Question

Let the focal chord of the parabola P :y² = 4x along the line L : y = mx + c, m> 0 meet the parabola at the points M and N. Let the line L be a tangent to the hyperbola H :x² – y² = 4. If O is the vertex of P and F is the focus of H on the positive x-axis, then the area of the quadrilateral OMFN is

• A. \(2\sqrt6\)
• B. \(2\sqrt{14}\)
• C. \(4\sqrt6\)
• D. \(4\sqrt{14}\)

Answer 1

The Correct Option is B

\(\begin{array}{l} H:\frac{x^2}{4}-\frac{y^2}{4}=1\end{array}\), Focus (ae, 0)
\(\begin{array}{l} F\left(2\sqrt{2},0\right) \end{array}\)
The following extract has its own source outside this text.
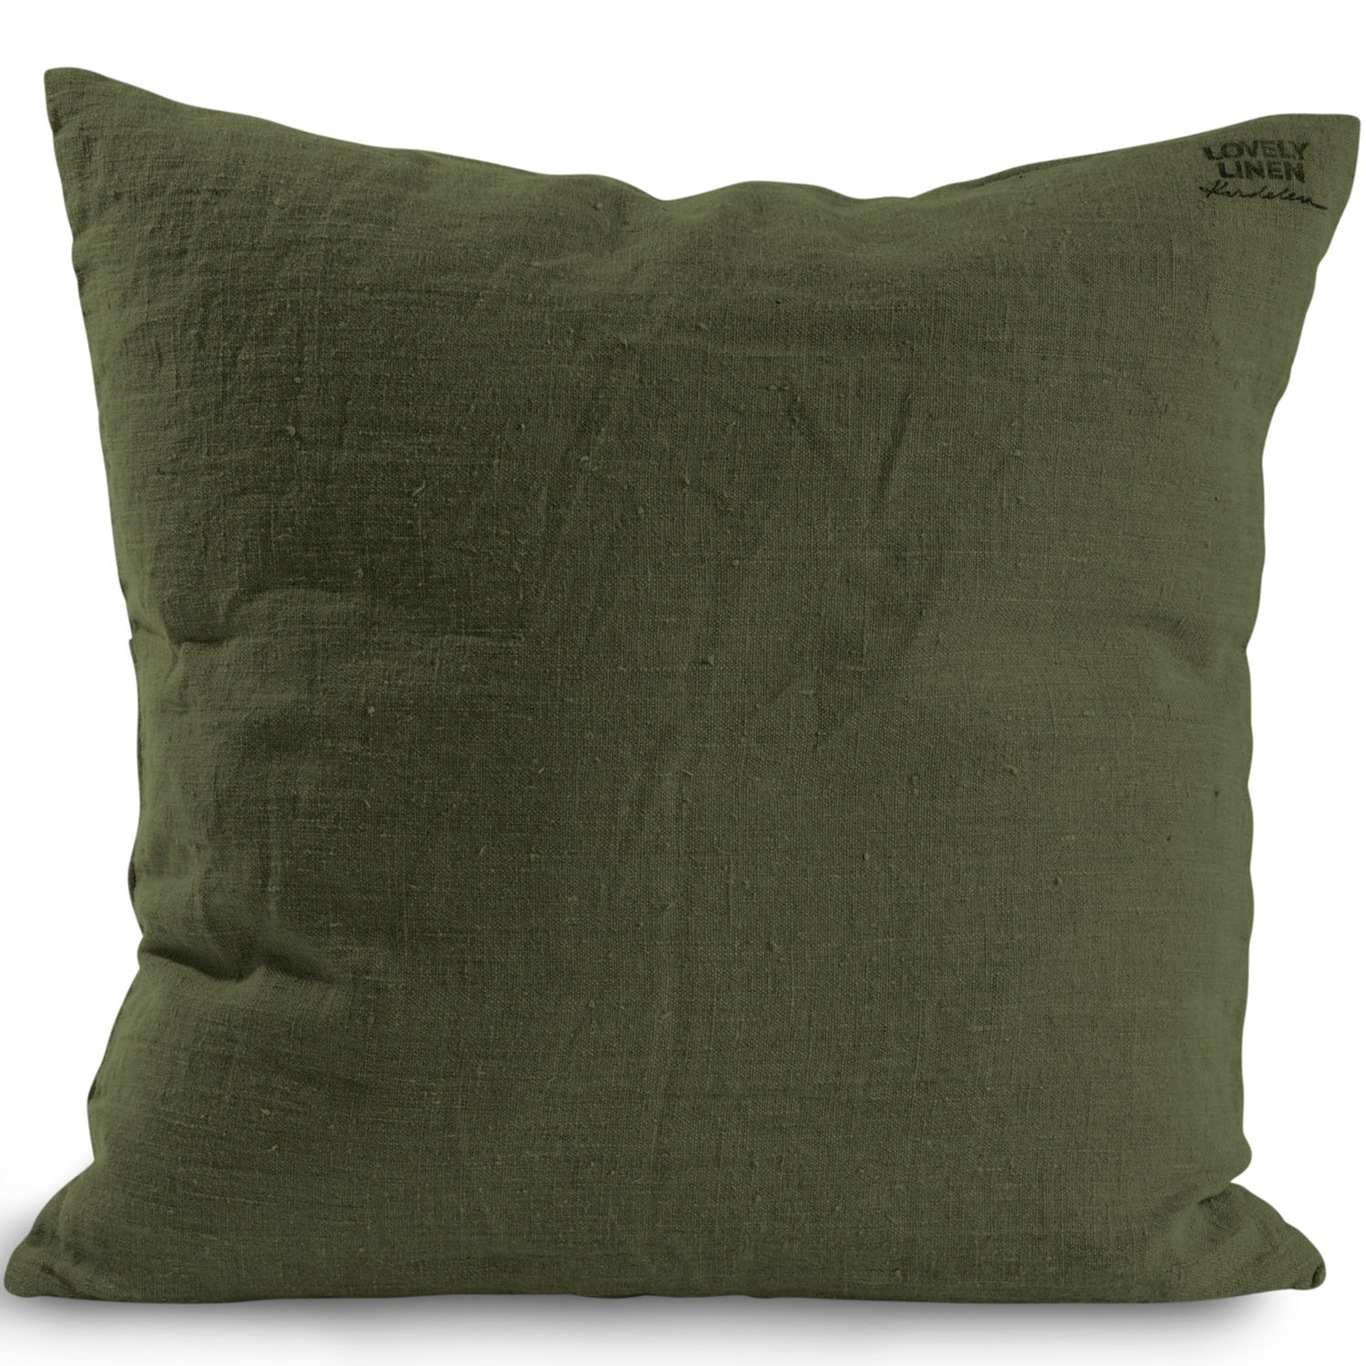 Lovely Kuddfodral 50x50 cm, Jeep Green
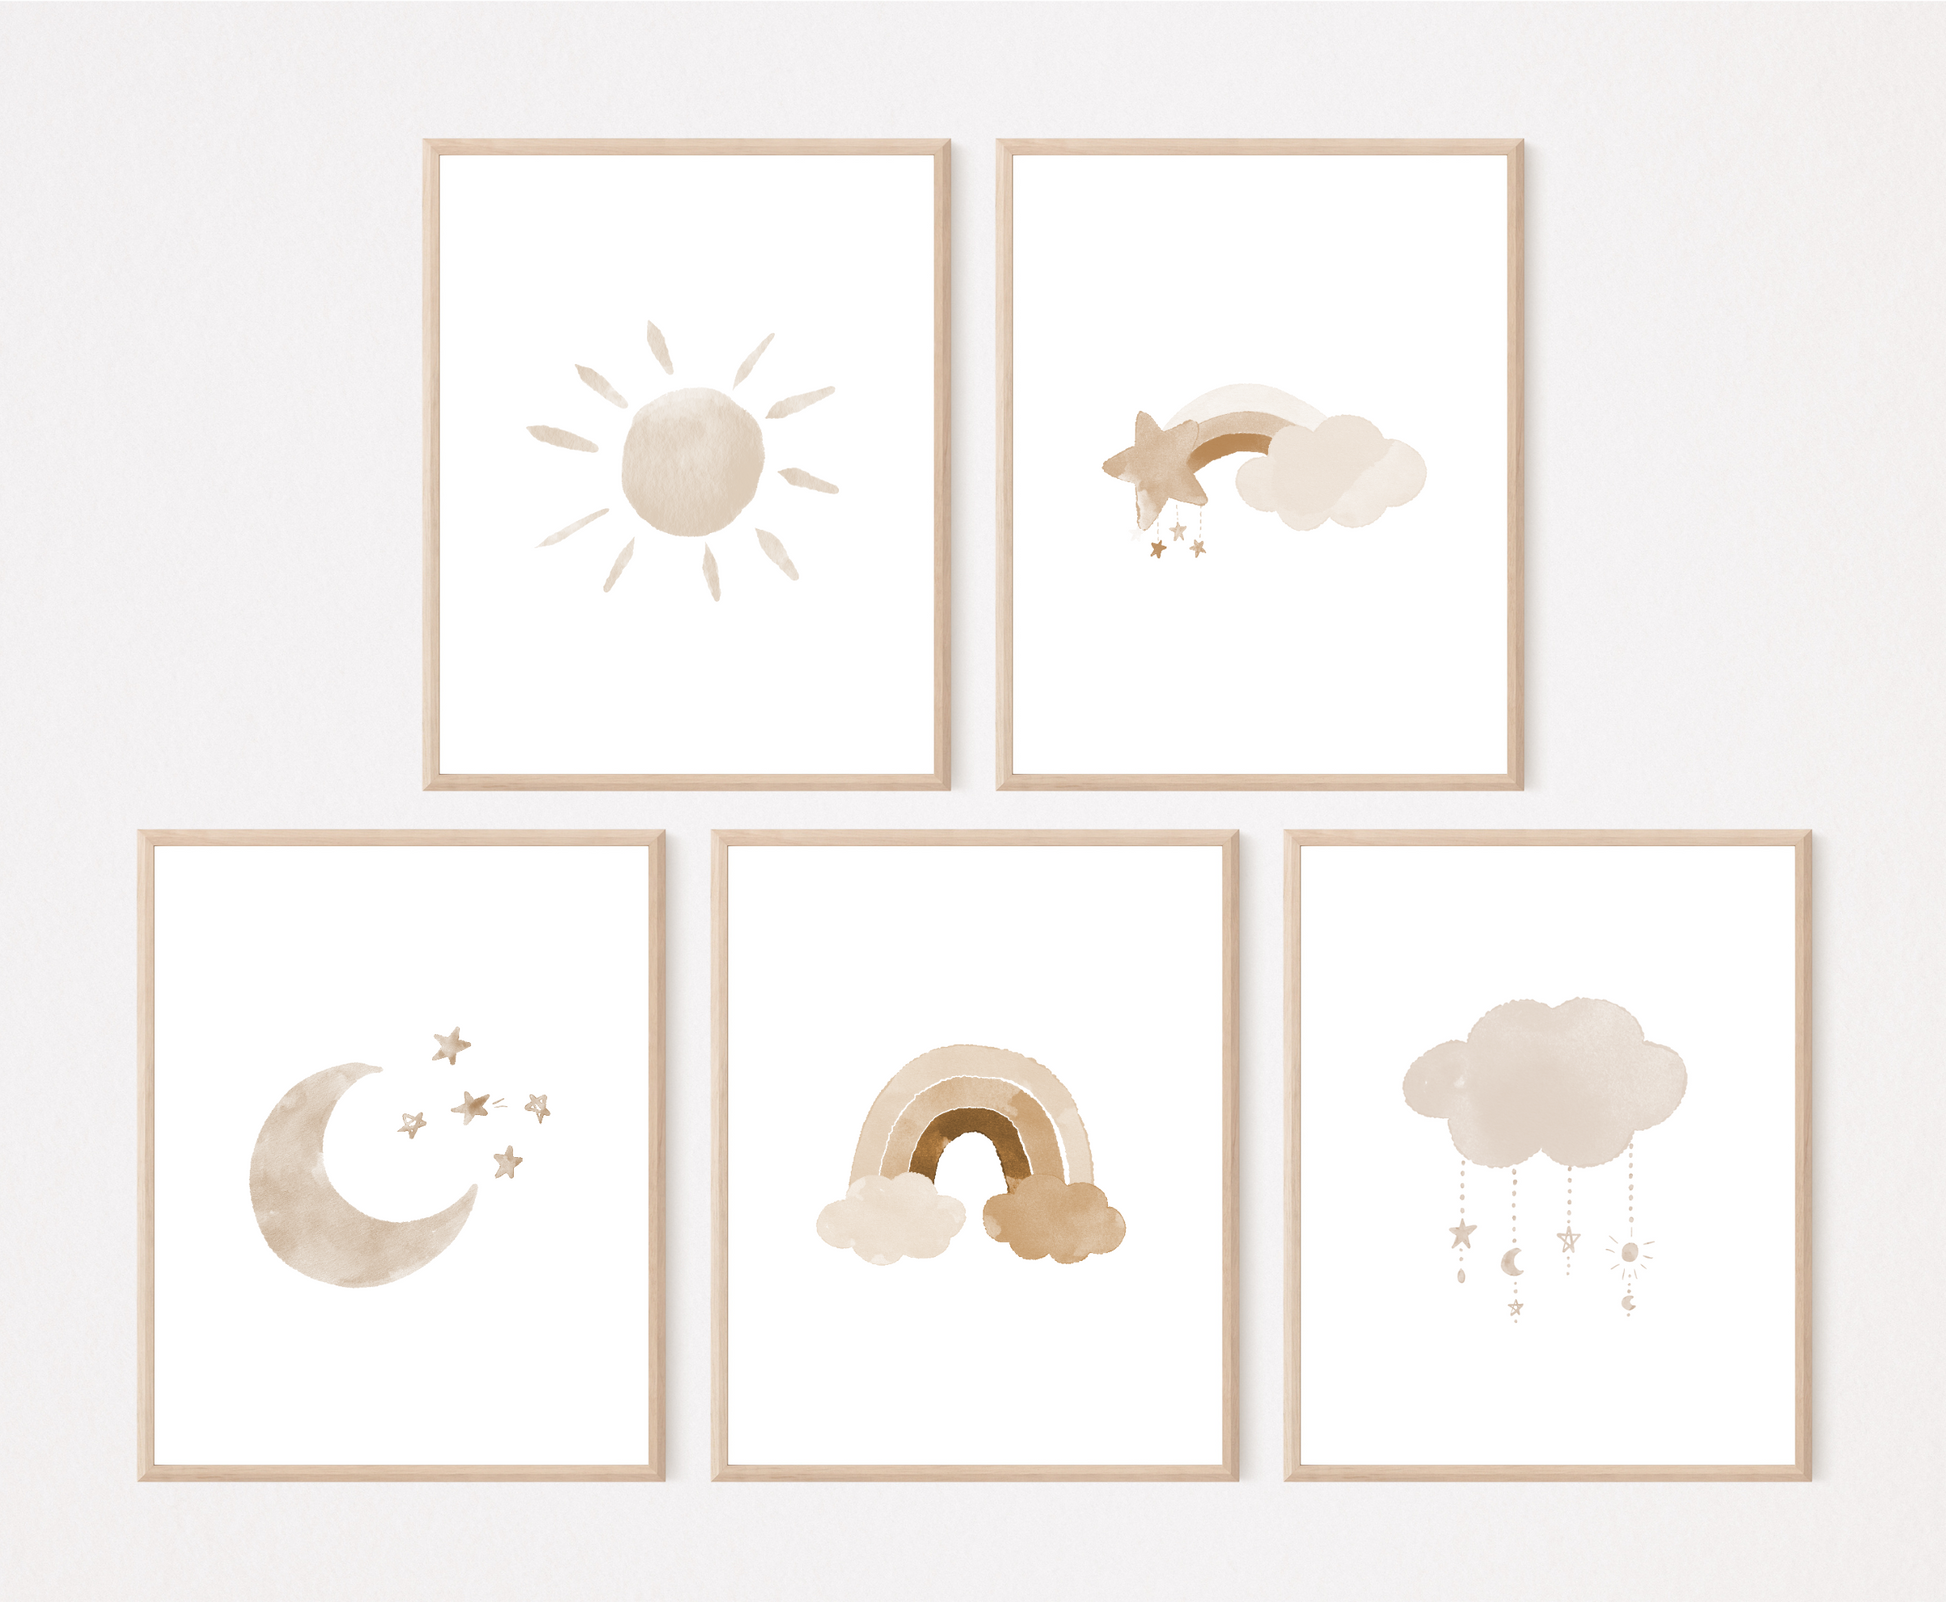 Five frames showing graphics in different shades of beige. The first one shows an almond-beige sun, the second one shows cloud and a star with a rainbow in different shades of beige right behind them. The third one shows a beige crescent moon with tiny stars right beside it, the fourth one shows a rainbow in different shades of beige. While the fifth frame shows an almond-beige cloud with tiny crescent moons and stars dangling from it.

y = mx + c passes through (1, 0)
0 = m + c …(i)
L is tangent to hyperbola
\(\begin{array}{l} c=\pm\sqrt{4m^2-4}\end{array}\)
\(\begin{array}{l} -m=\pm\sqrt{4m^2-4}\end{array}\)
m² = 4m² – 4
\(\begin{array}{l} m=\frac{2}{\sqrt{3}}\end{array}\)
\(\begin{array}{l} c=\frac{-2}{\sqrt{3}} \end{array}\)
\(\begin{array}{l} T:y=\frac{2}{\sqrt{3}}x-\frac{2}{\sqrt{3}} \end{array}\)
P : y² = 4x
\(\begin{array}{l} y^2=4\left(\frac{\sqrt{3}y+2}{2}\right)\end{array}\)
\(\begin{array}{l} y^2-2\sqrt{3}y-4 =0\end{array}\)
\(\begin{array}{l}\text{Area}= \frac{1}{2}\begin{vmatrix}0 & 0 \\x_1 & y_1 \\2\sqrt{2} & 0 \\x_2 & y_2 \\0 & 0 \\\end{vmatrix}\end{array}\)
\(\begin{array}{l} =\left|\frac{1}{2}\left(-2\sqrt{2}y_1+2\sqrt{2}y_2\right)\right|\end{array}\)
\(\begin{array}{l} =\sqrt{2}\left|y_2-y_1\right|=\sqrt{2}\sqrt{\left(y_1+y_2\right)^2-4y_1y_2}\end{array}\)
\(\begin{array}{l} =\sqrt{56}\end{array}\)
\(\begin{array}{l} =2\sqrt{14}\end{array}\)